Using Intel MKL dgetrf + dgtrs julia is as fast as Matlab ! :wink:

On my PC: with A = rand(10000,10000);

Julia Version 0.5.0
Commit 3c9d753 (2016-09-19 18:14 UTC)
Platform Info:
  System: NT (x86_64-w64-mingw32)
  CPU: Intel(R) Core(TM) i7-7500U CPU @ 2.70GHz
  WORD_SIZE: 64
  BLAS: libopenblas (USE64BITINT DYNAMIC_ARCH NO_AFFINITY Prescott)
  LAPACK: libopenblas64_
  LIBM: libopenlibm
  LLVM: libLLVM-3.7.1 (ORCJIT, broadwell)

Mkl "dgetrf" Factorization time 
 12.180575 seconds (4.16 k allocations: 261.296 KB)

JULIA LAPACK factorization time 
 38.910369 seconds (10 allocations: 78.469 KB)

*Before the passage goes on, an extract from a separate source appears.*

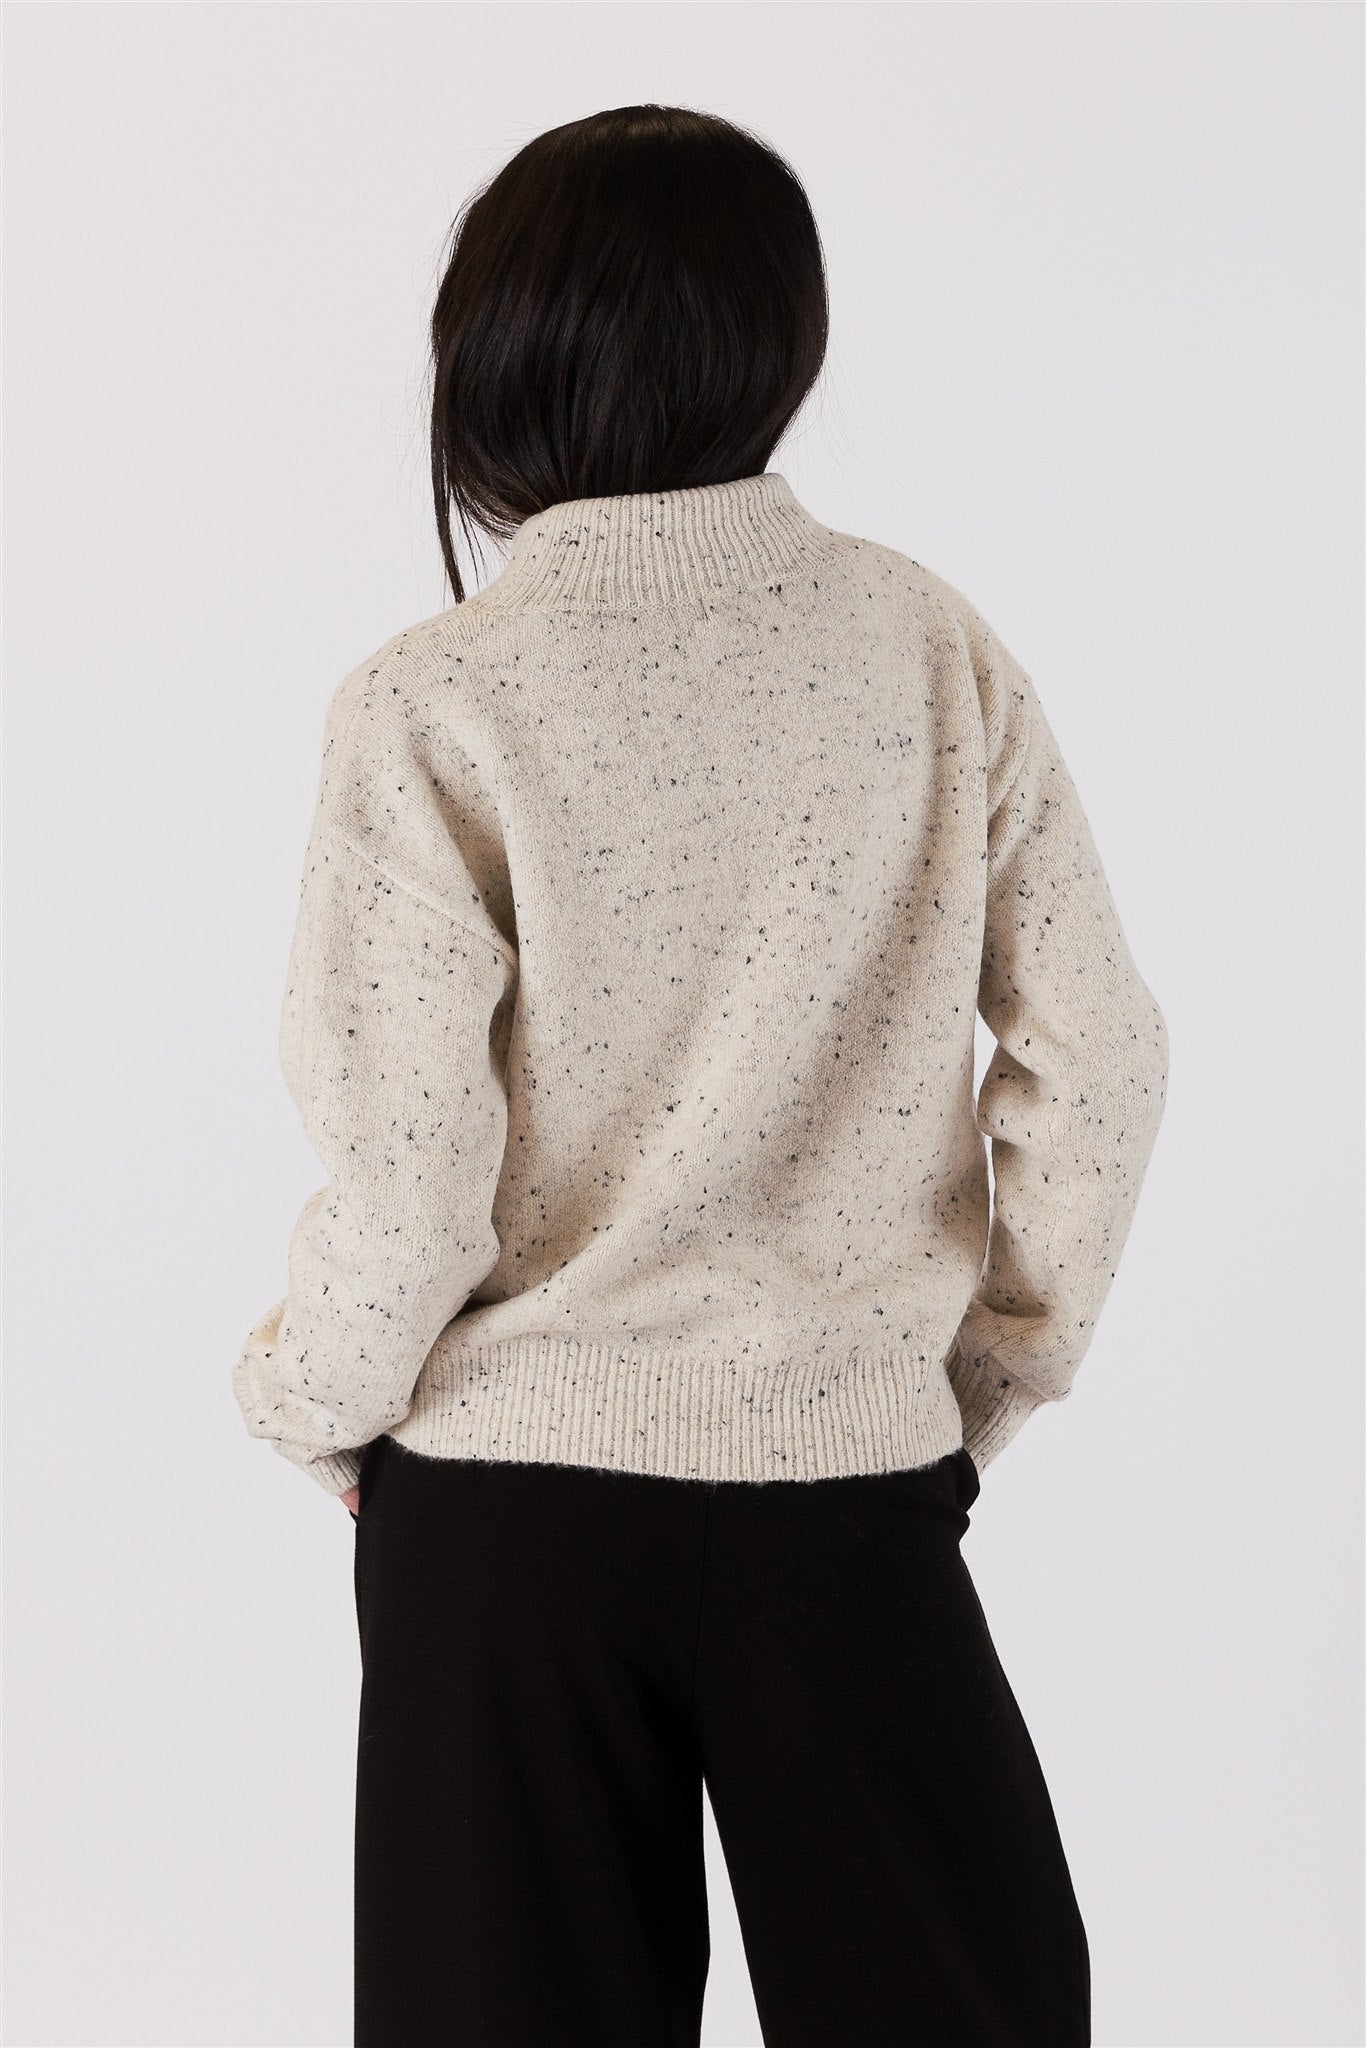 Lyla+Luxe Top - Fleck Sweater - Oak

LAPACK is very memory efficient… but MKL is 3 times faster (and use 3 times more memory)

2 Likes

Interesting. Is this with threading on in both OpenBLAS and MKL?

Also, is it possible to use this mechanism to replace dynamically all LAPACK calls from OpenBLAS to MKL?

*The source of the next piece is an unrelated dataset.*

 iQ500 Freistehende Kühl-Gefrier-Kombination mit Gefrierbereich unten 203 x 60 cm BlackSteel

I’ve setted anything on both OpenBLAS or MKL. OpenBLAS is as well as it is after a standard installation of Julia, MKL is as well as it is after the MKL intallation on the OS.

OpenBLAS:
ccall((:openblas_get_num_threads64_, Base.libblas_name), Cint, ())
4 # Thread

MKL: MKL automatically tune the number of threads

If you want use MKL for every BLAS function call, the more convenient way is build julia with MKL. In this way every BLAS function will be handled by MKL.

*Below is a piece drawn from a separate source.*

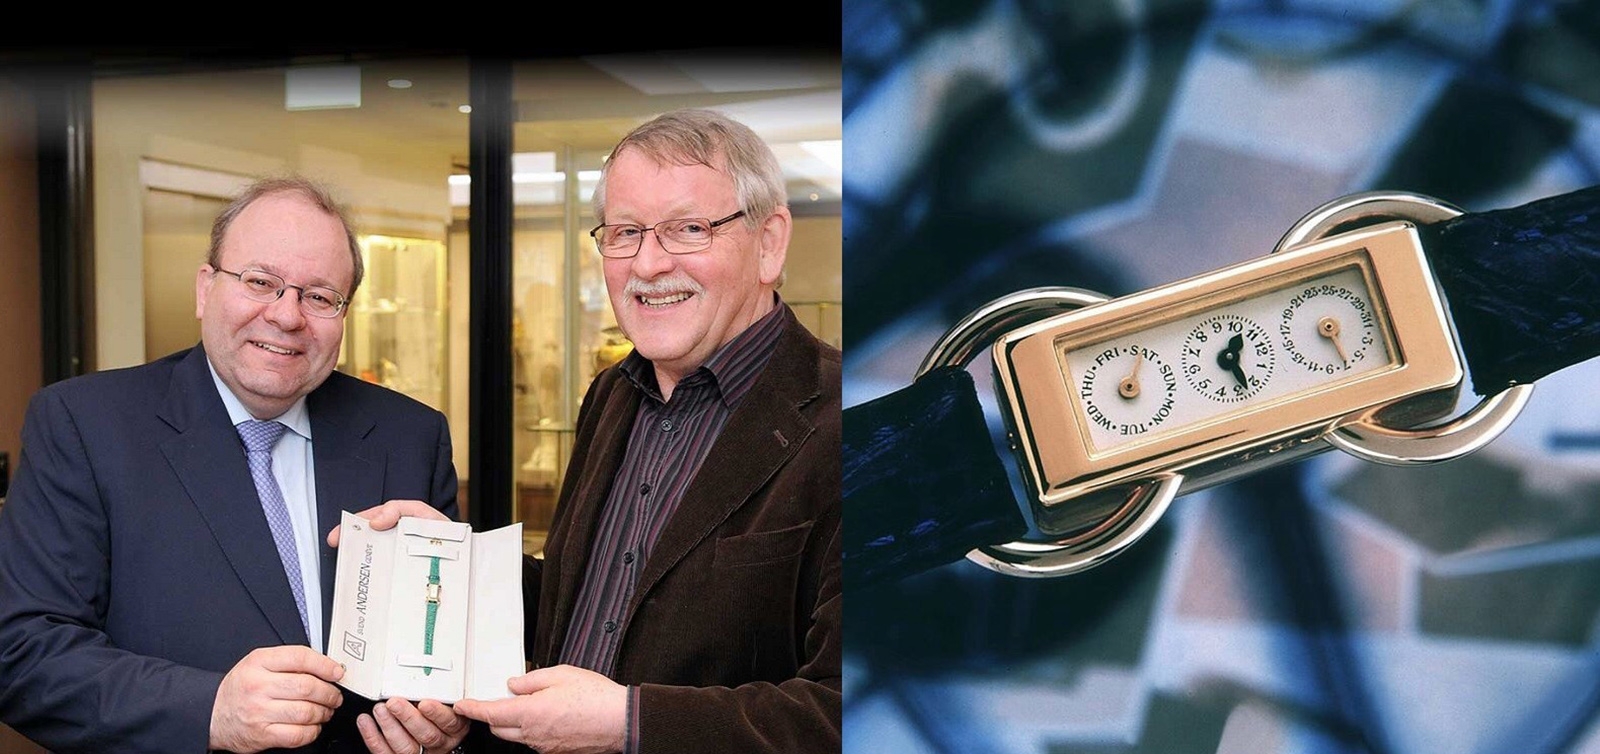 Ngài Svend Andersen đã trao tặng nguyên mẫu đồng hồ lịch nhỏ nhất thế giới cho nhà bán lẻ đồng hồ Thuỵ Sỹ René Beyer để đặt trong bảo tàng Beyer Watch Museum được đặt tại thành phố Zurich. Chức năng lịch của chiếc đồng hồ này gói gọn trong mô đun chỉ dày 1,4mm lắp ngay trên bộ máy nền Lecoultre cal. 104

I think calling MKL as external library is safer and more flexible than rebuilding Julia with MKL. I tried to rebuild Julia with MKL once, but it had serious bugs and broke my whole Julia. Does anybody have experience about calling MKL as external library in Julia (>=1.3)?

MKL_jll makes it very easy to install and for a project to depend on it.

I’ve spent too much time mucking around with random libraries like ARPACK not working when you build Julia with MKL, so I also recommend sticking with OpenBLAS as the default.